Alberto Giménez Prieto

Este cuento fue galardonado como el cuento ganador

del XVI Certamen Literario del Ateneo Cultural de Paterna de 2017

Jacinto se había jurado solemnemente no volver a pisar el pueblo.

Pero la expresión del rostro de su madre, cuando le pidió que la llevara al pueblo, merecía quebrantar el juramento y, además, le pillaba de paso hacia su lugar de vacaciones. Pero sobre todo lo hacía porque se lo debía a su madre.

Le debía eso… y tantas cosas más.

«Por culpa de mis derroches, mi madre perdió su casa y los campos que le dejó su abuelo. Y ahora, con setenta y cinco años, tenía que pedir favores a familiares para tener un techo bajo el que cobijarse en su propio pueblo al que acudía para acompañar en su dolor a su prima, a la que quería como a la hermana que nunca tuvo, y que acababa de perder a su marido», pensaba Jacinto

Quince años antes, no hubiera creído que se vería en una situación como aquella. Era cuando, tan alegremente empujó a su madre a vender la casa y los campos a su suegro, por el importe de un coche y las vacaciones de aquel año.

«Fue mi egoísmo lo que me llevó a aceptar la miserable oferta de mi suegro y, ahora, no puedo reprochárselo a nadie», se reconcomía Jacinto.

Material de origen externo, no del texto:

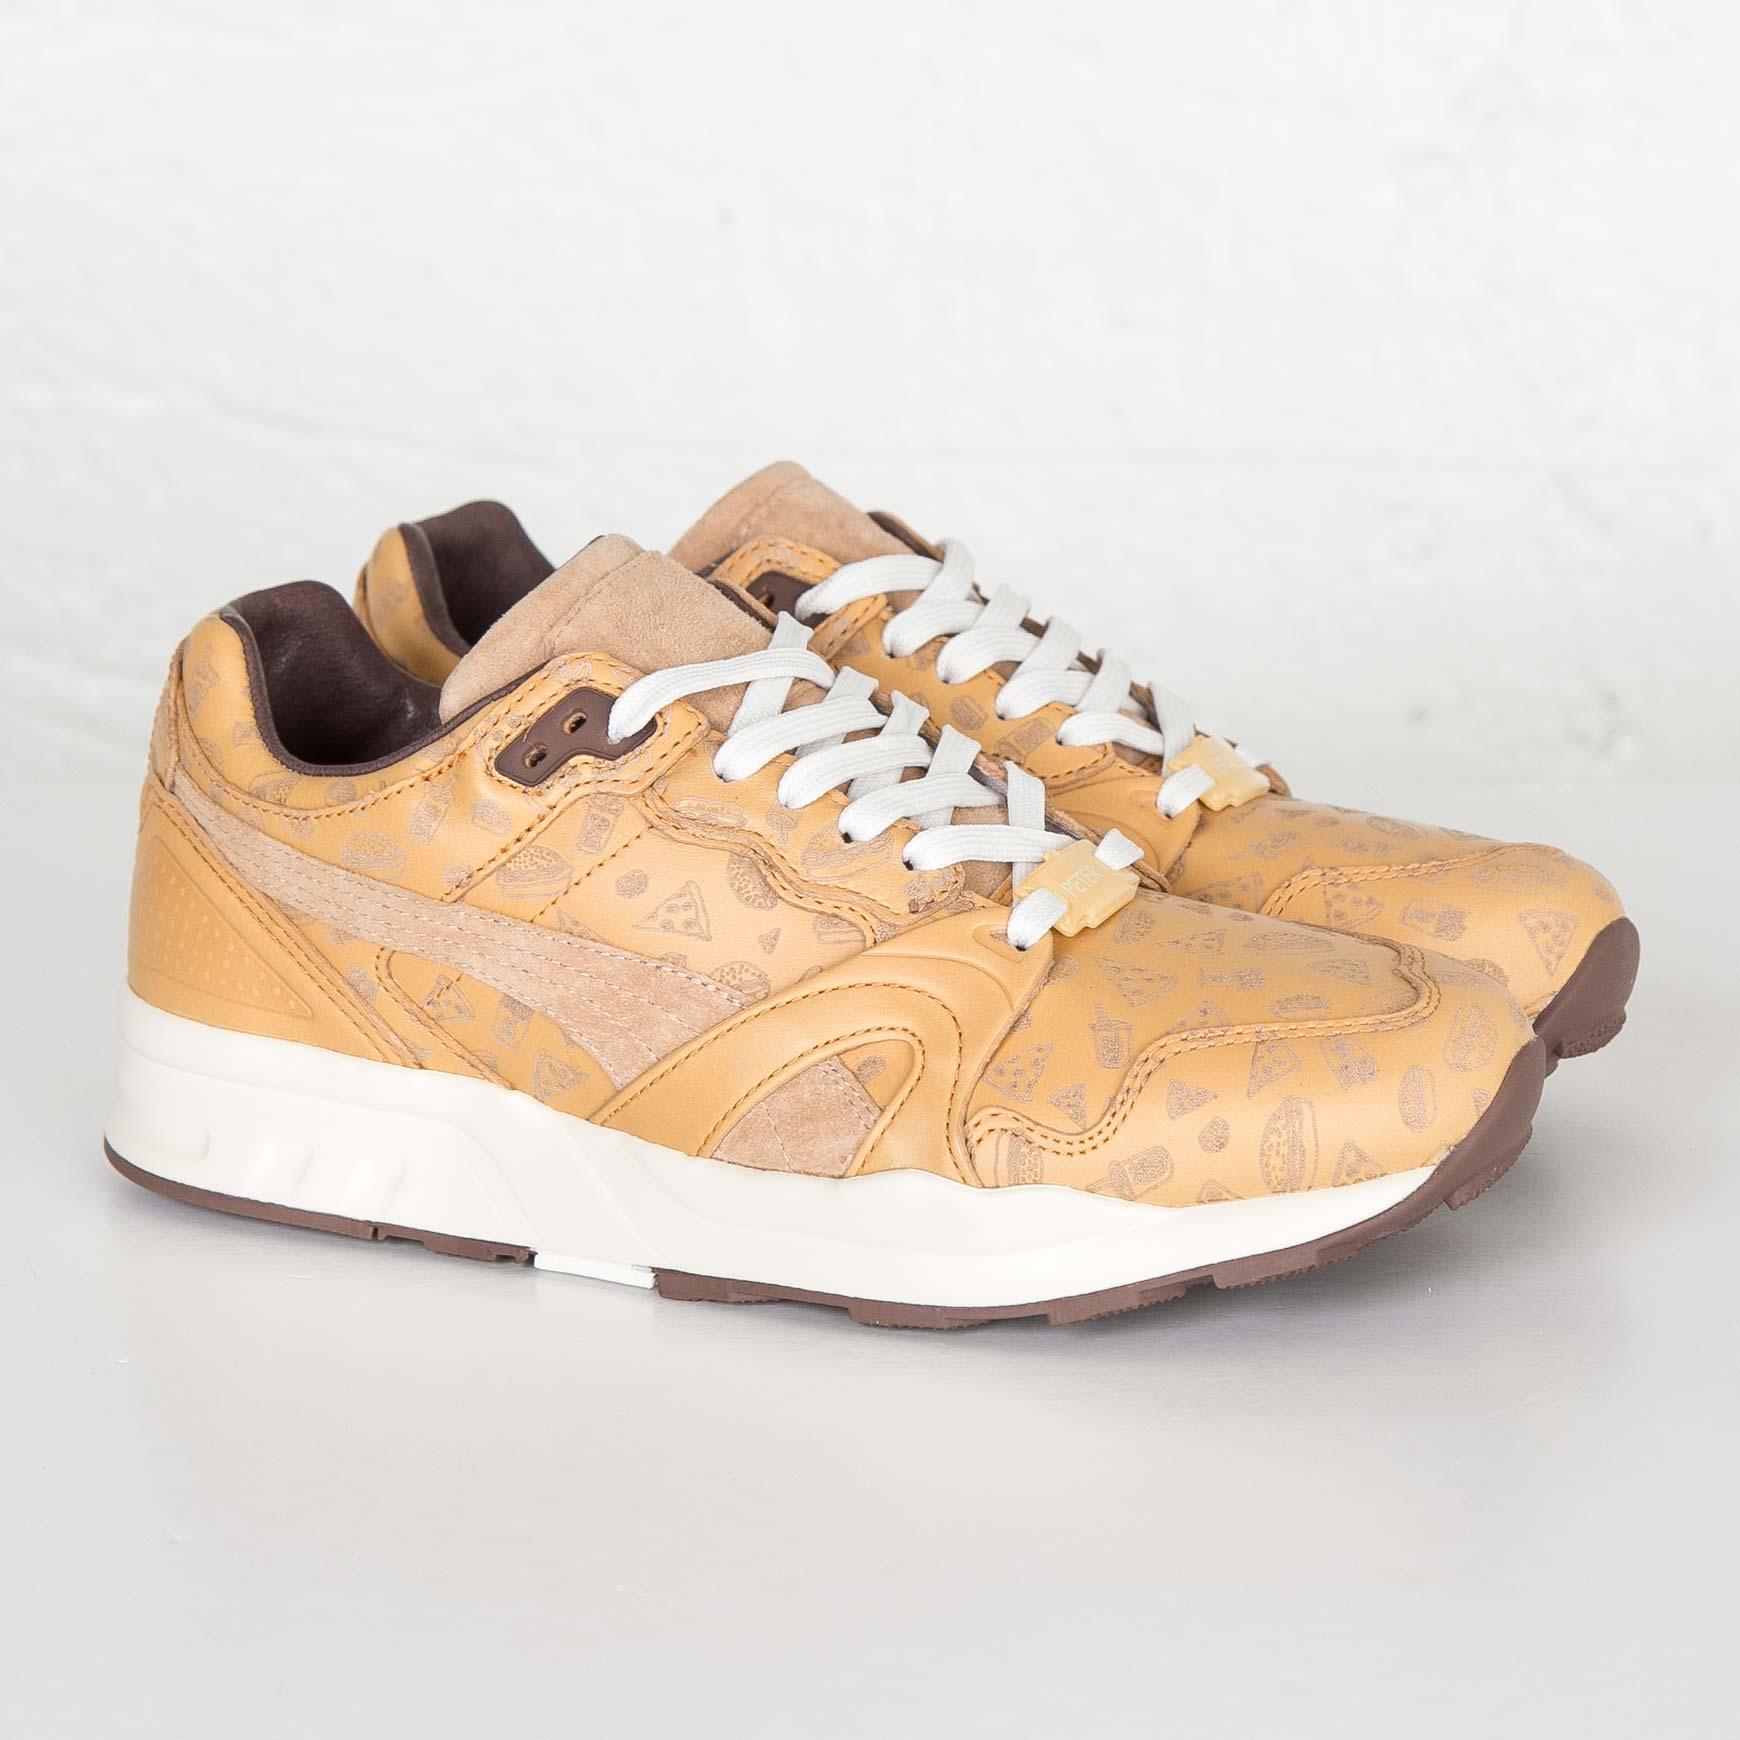 f34cdd706595 Puma XT2 Pizza   Burgers - 358496-01 - Sneakersnstuff
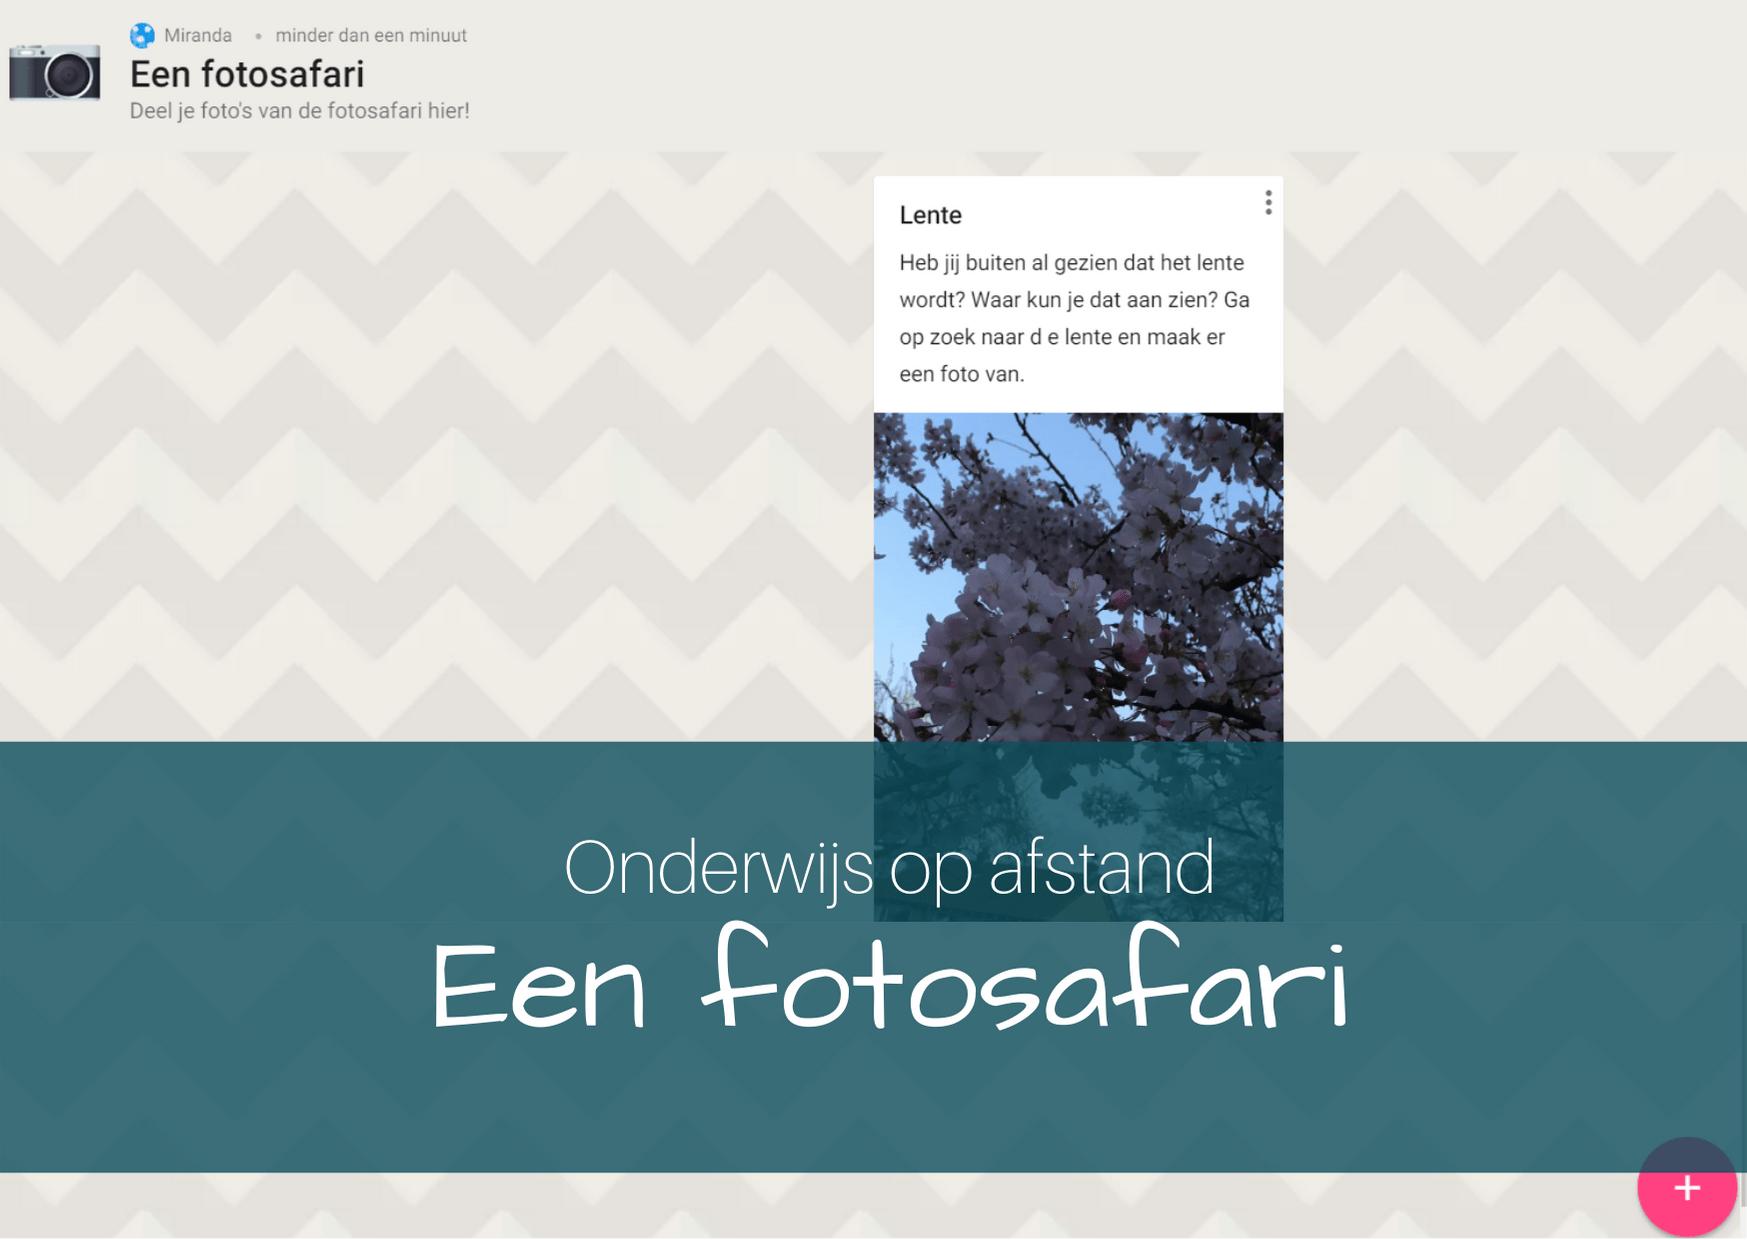 Onderwijs op afstand: een fotosafari
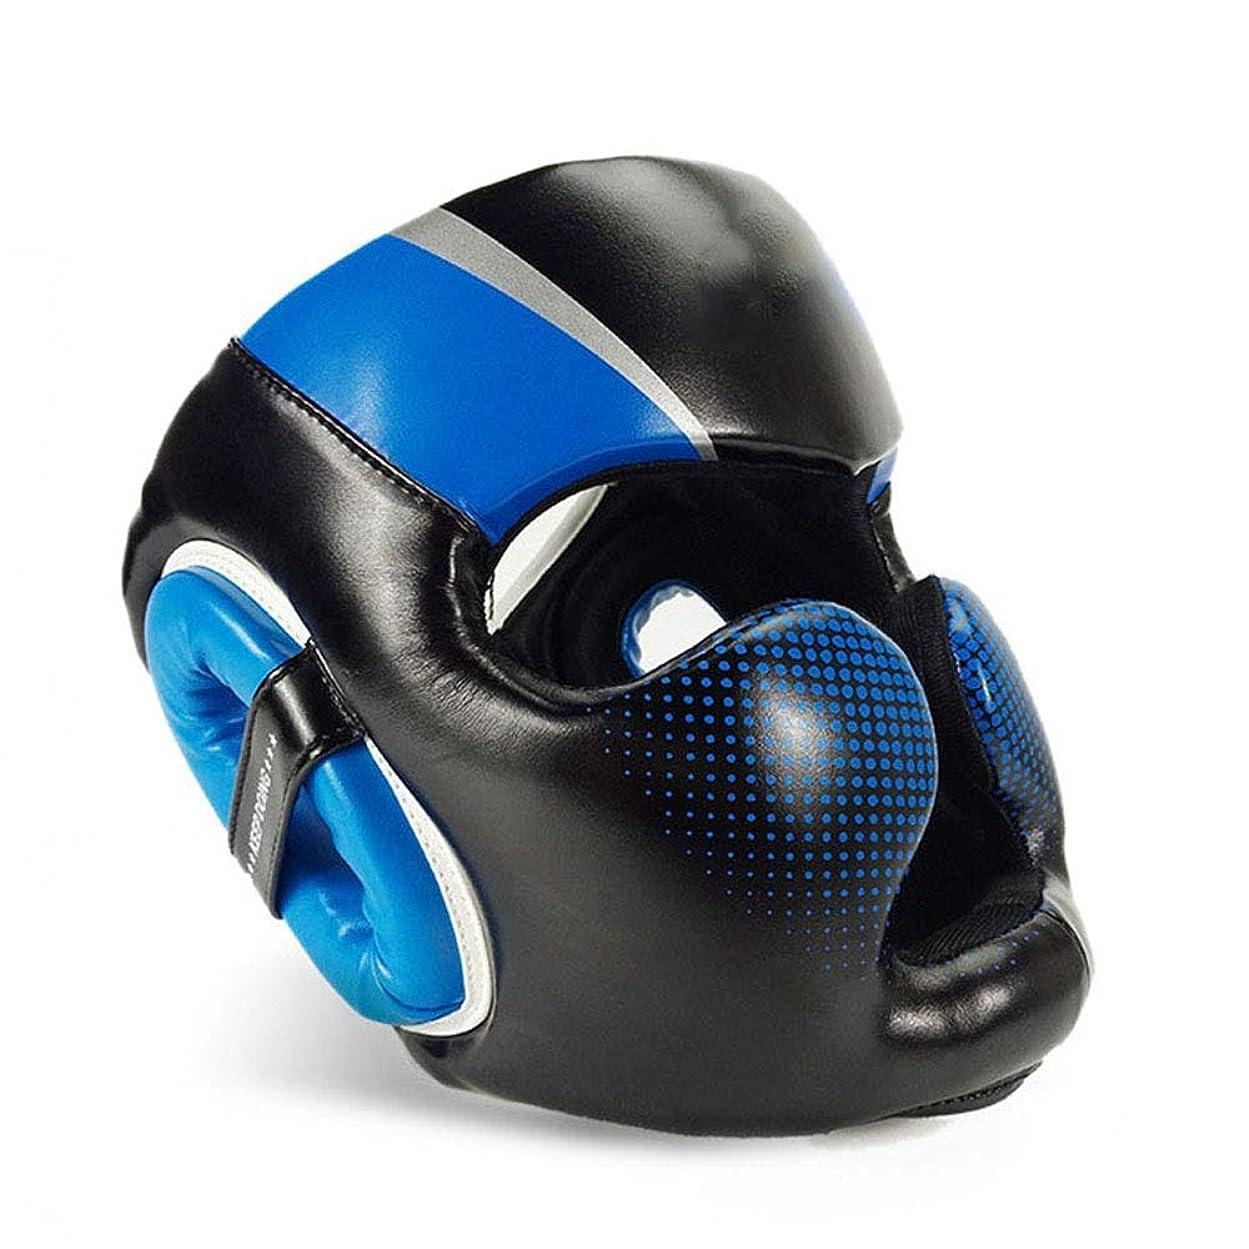 計算解釈するインサートボクシングヘッドギアpuレザーヘッドガードスパーリングヘルメットボクシング総合格闘技UFCムエタイキックボクシング混合武道 ボクシングヘッドギア (色 : 青, サイズ : XL)
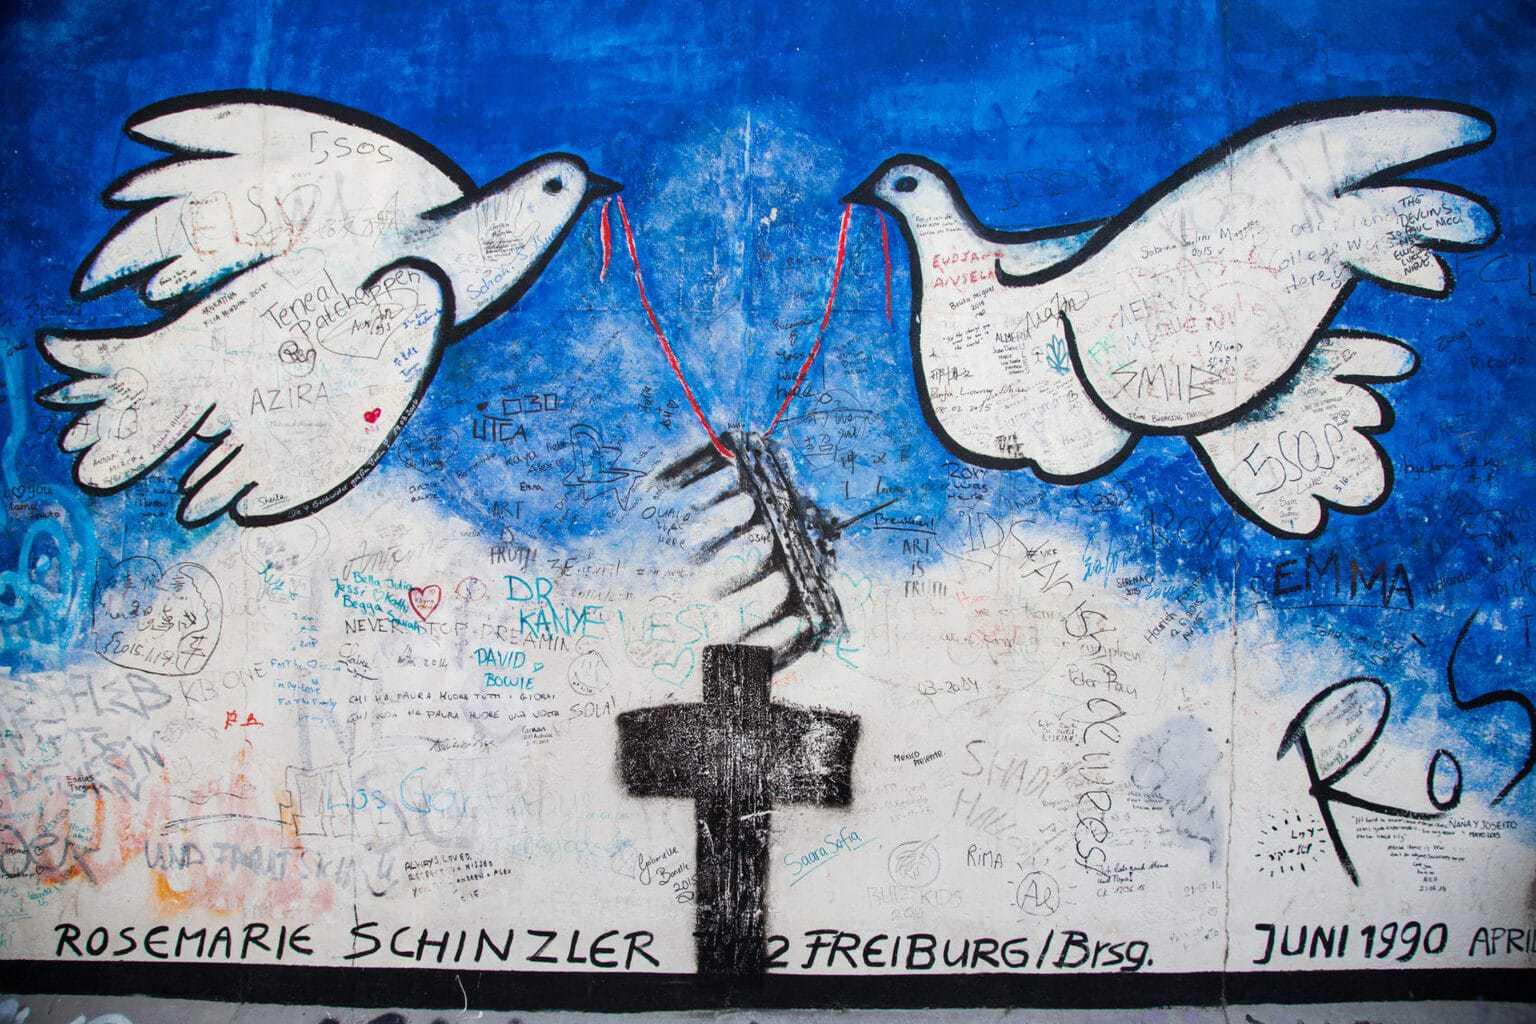 Twee vredensduifjes op de Berlijnse muur in vorm van een graffiti

Él siempre anduvo escaso de cuartos, a pesar de que tanto él, como su mujer, gozaban de unos buenos salarios, pero les gustaba viajar en una categoría superior a sus posibilidades y siempre andaban enredados en deudas y préstamos. Cuando se emperró en que su madre vendiera la casa, era porque hacía tiempo que no podía pedirle más préstamos. Ella sobrevivía con un único ingreso: la pensión de viudedad.

El padre de Mercedes, su suegro, gozaba de una situación económica muy desahogada, era el mayor terrateniente de la comarca y presumía de tener más bienes que el señor marques, pero ante los continuos sablazos de su hija y yerno les había dicho que el tren de vida que llevaban no se correspondía con sus posibles, y que él no estaba dispuesto a humillarles más con sus dadivas. El grifo se cerró completamente, aunque Mercedes seguía recibiendo, por medio de su madre, ayudas en especie: vestidos, cosméticos y joyas.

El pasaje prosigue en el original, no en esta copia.